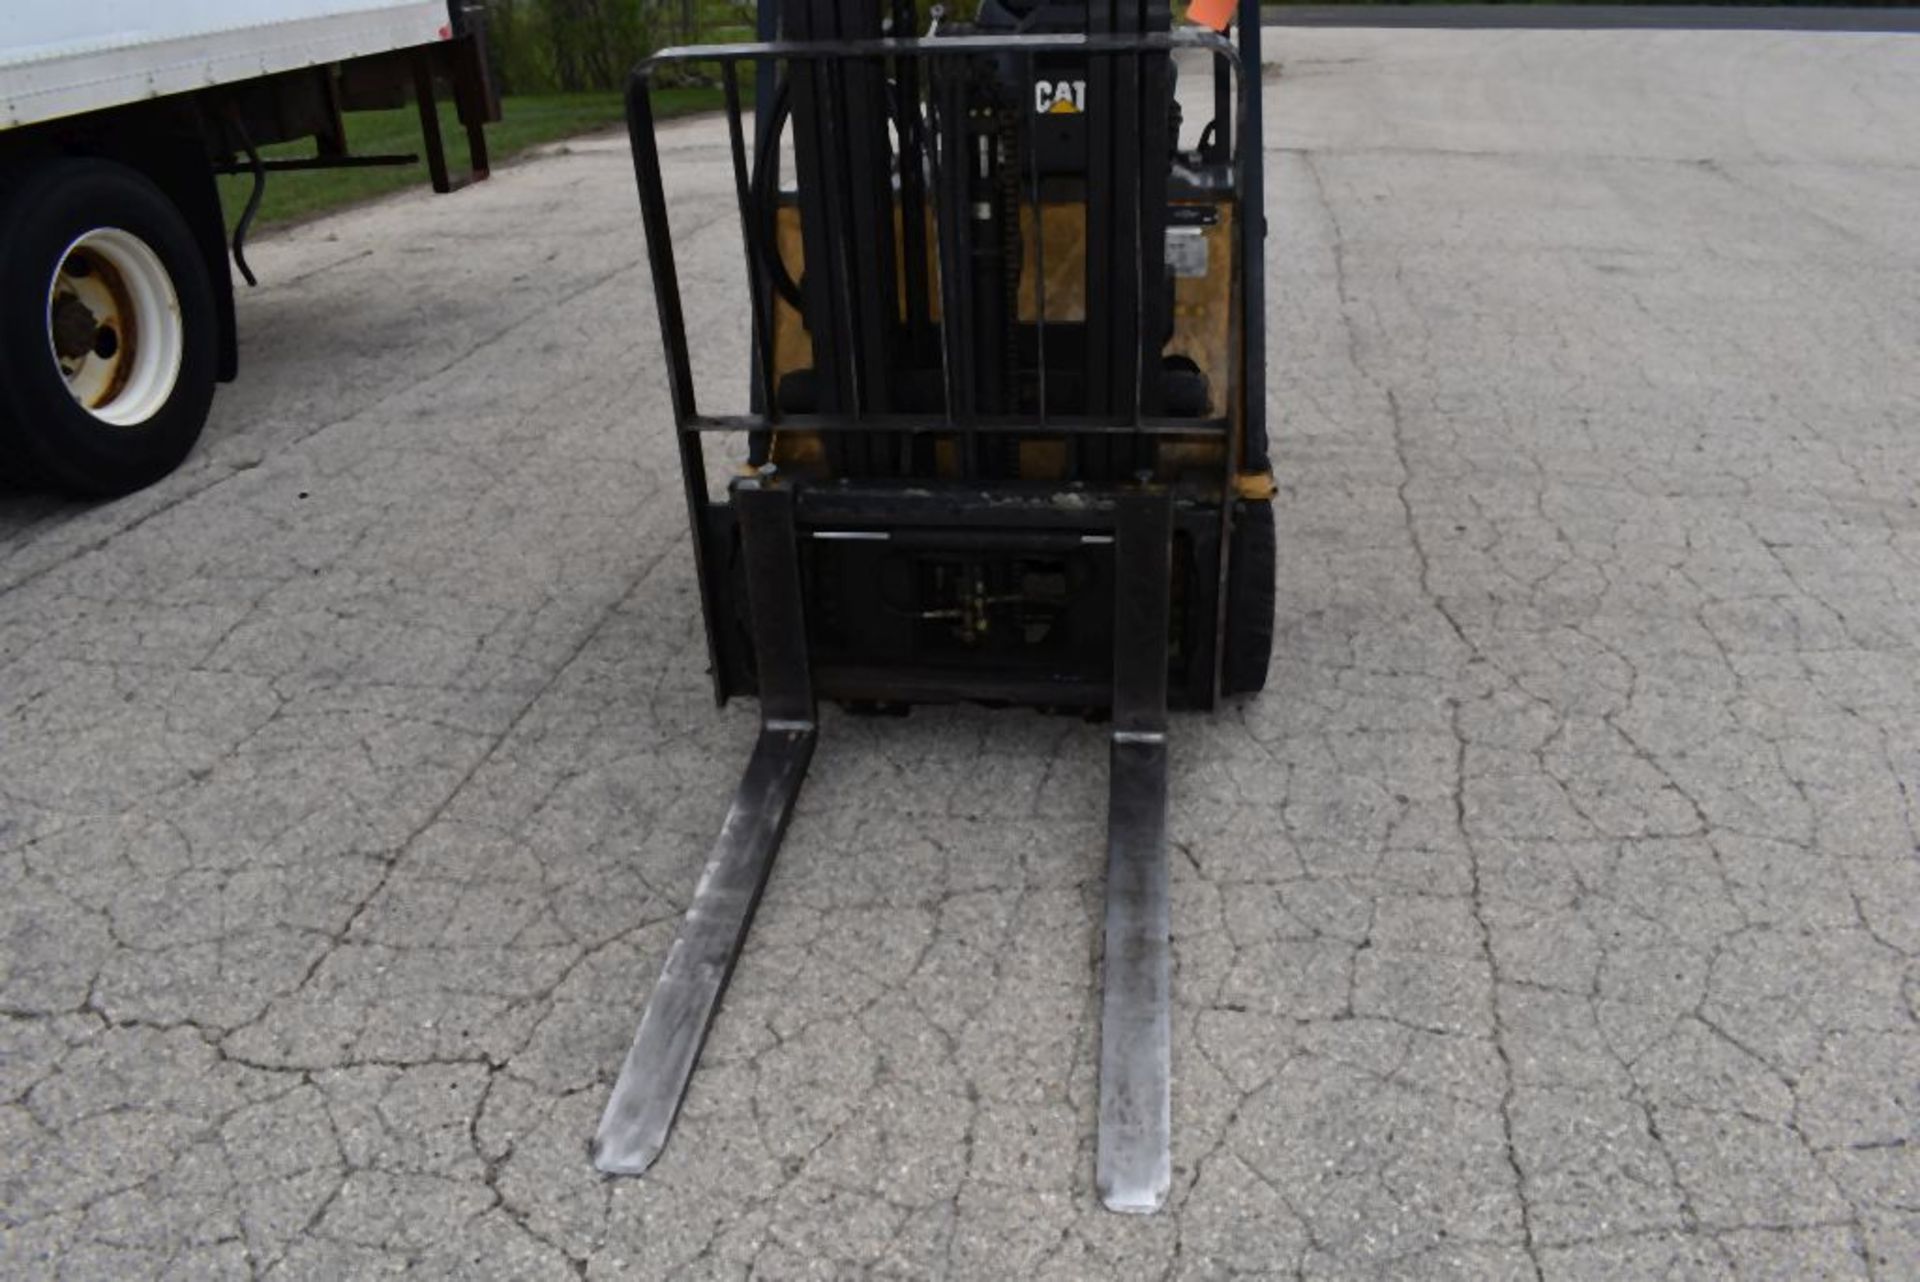 CATERPILLAR RIDE ON FORK TRUCK, MODEL ET3500-AC, S/N: ETB1400111, 36V ELECTRIC TYPE WITH CHARGER, - Image 5 of 8
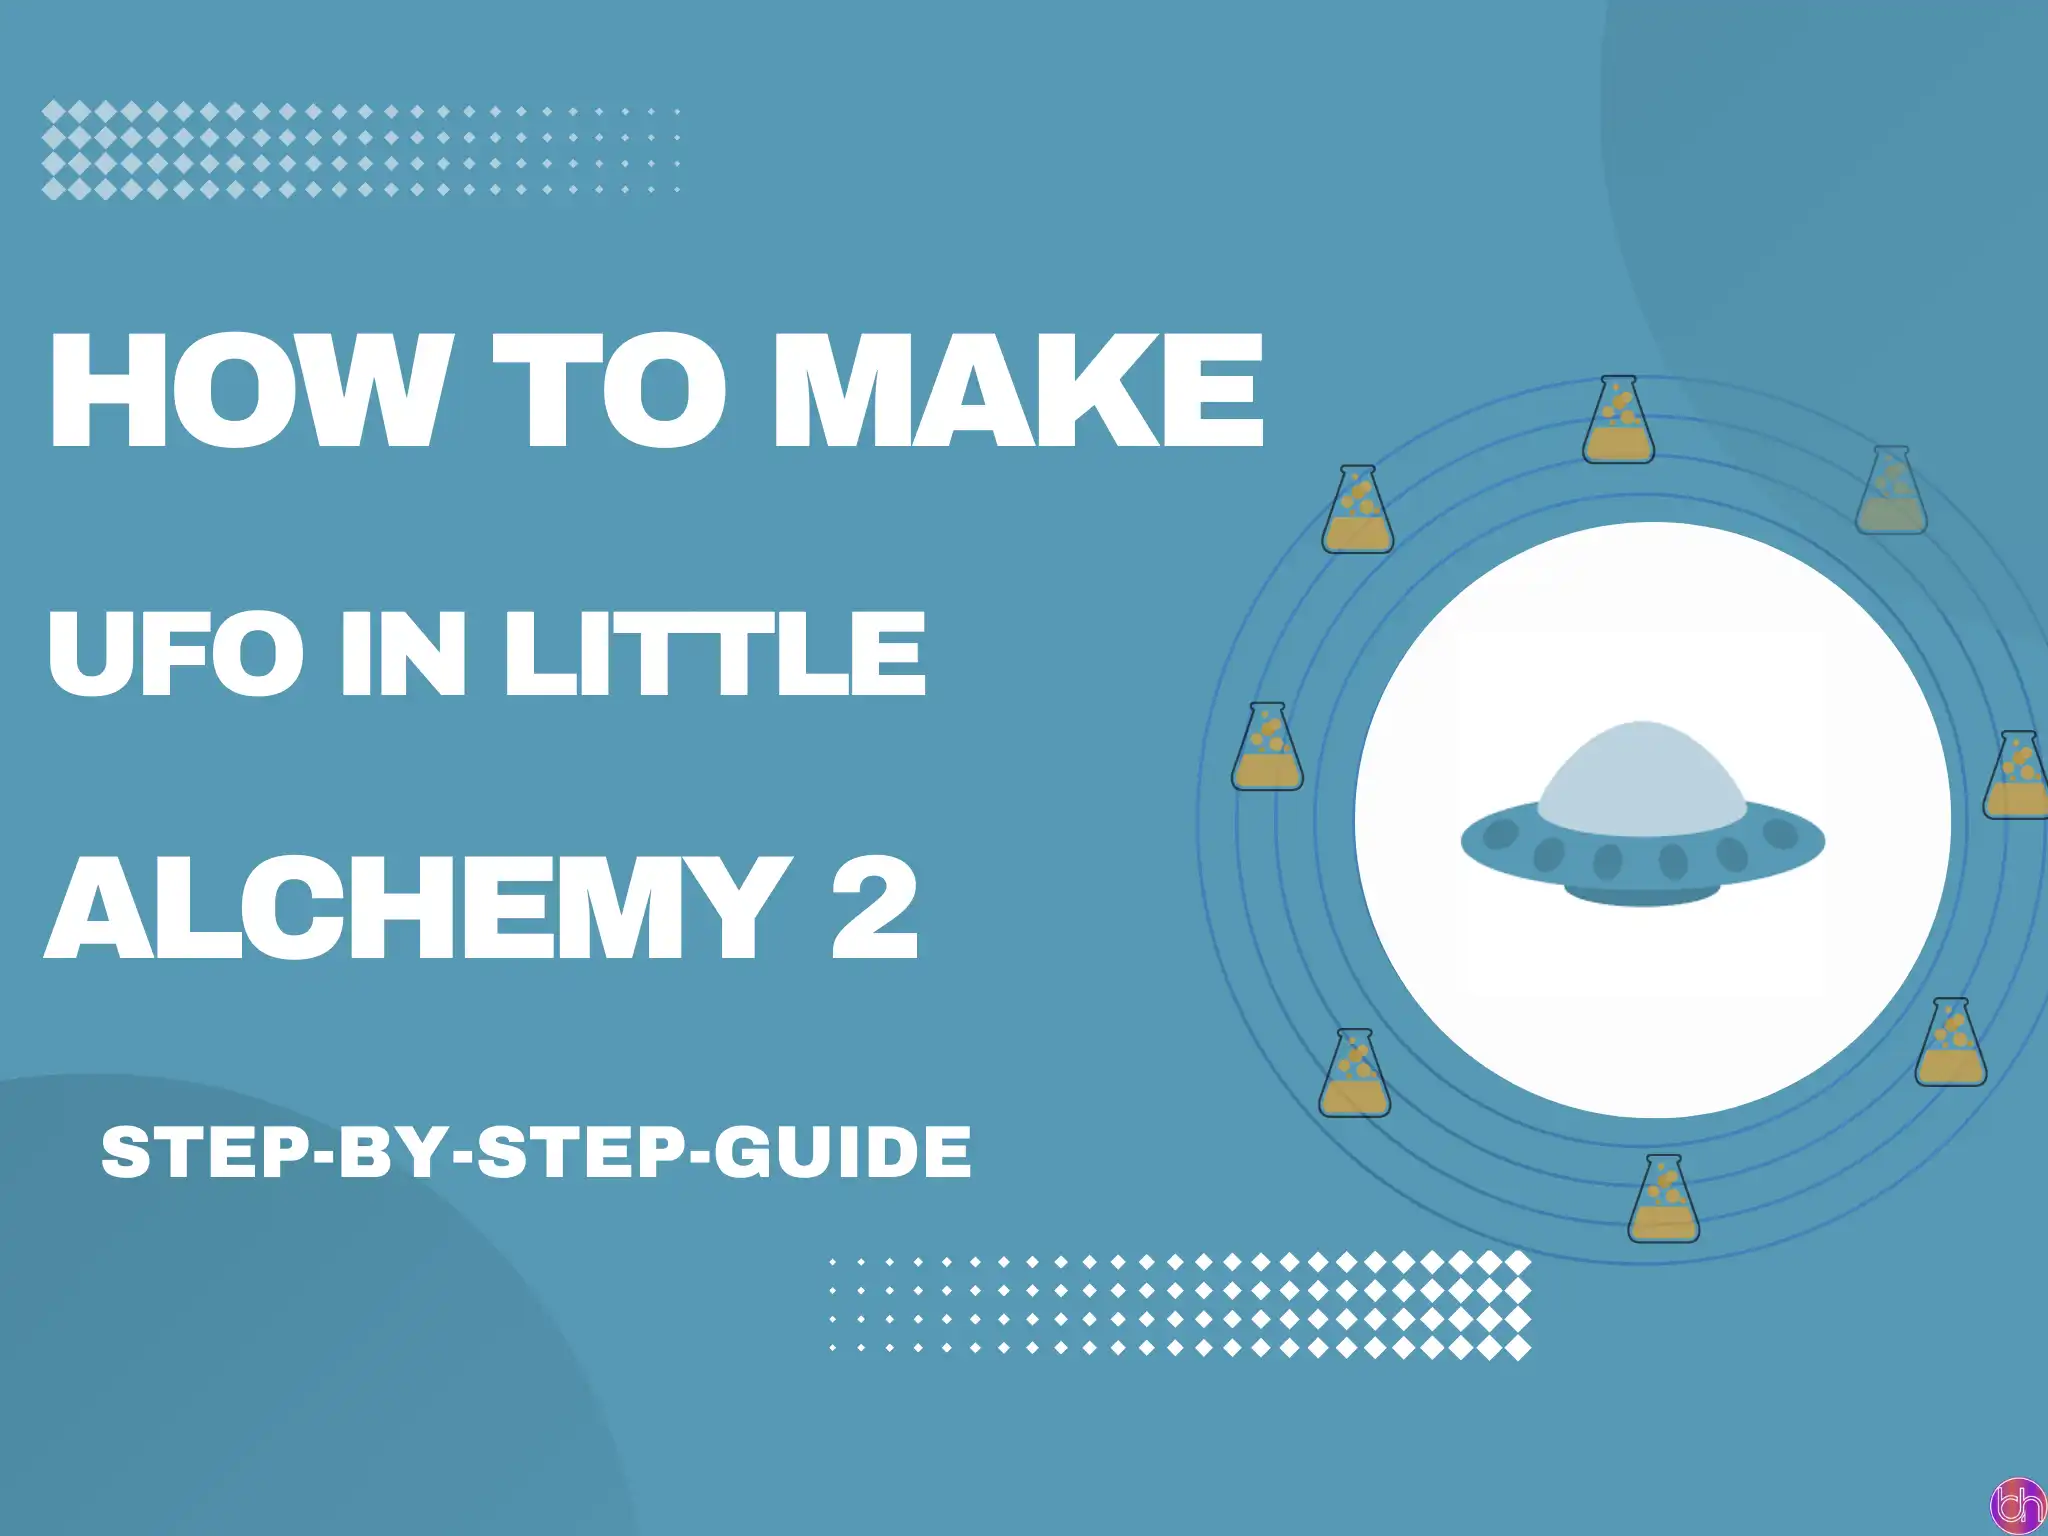 How to make Ufo in Little Alchemy 2
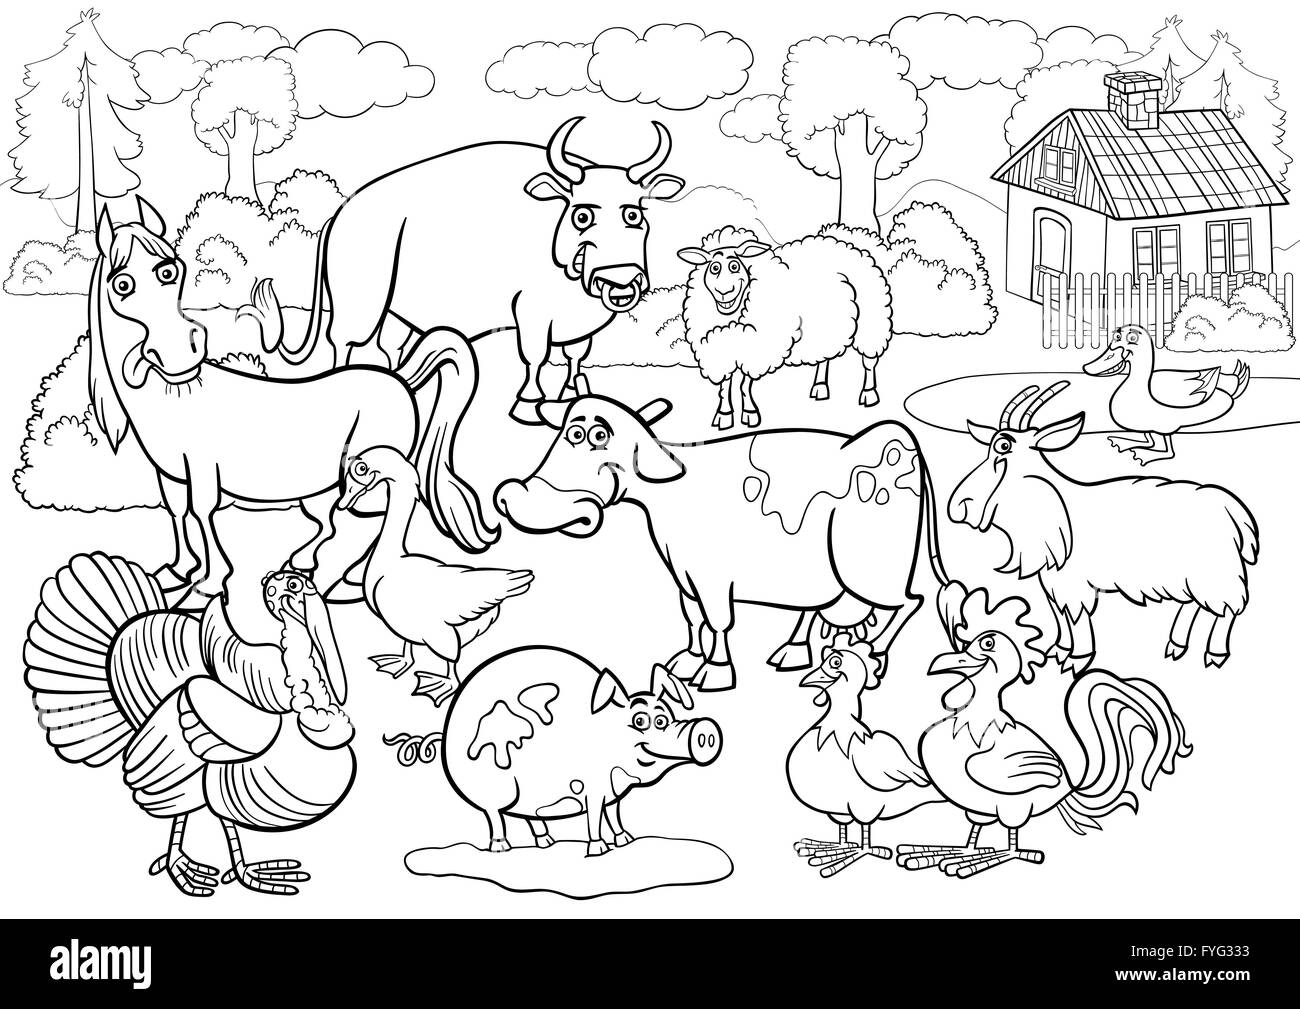 domestic animals pictures for colouring

__Task to complete__. Would you repeat the material exactly, keeping out any pictures?

__Solution to the problem__.
 CATERPILLAR RIDE ON FORK TRUCK, MODEL ET3500-AC, S/N: ETB1400111, 36V ELECTRIC TYPE WITH CHARGER, - Image 5 of 8
 How to make Ufo in Little Alchemy 2
 domestic animals pictures for colouring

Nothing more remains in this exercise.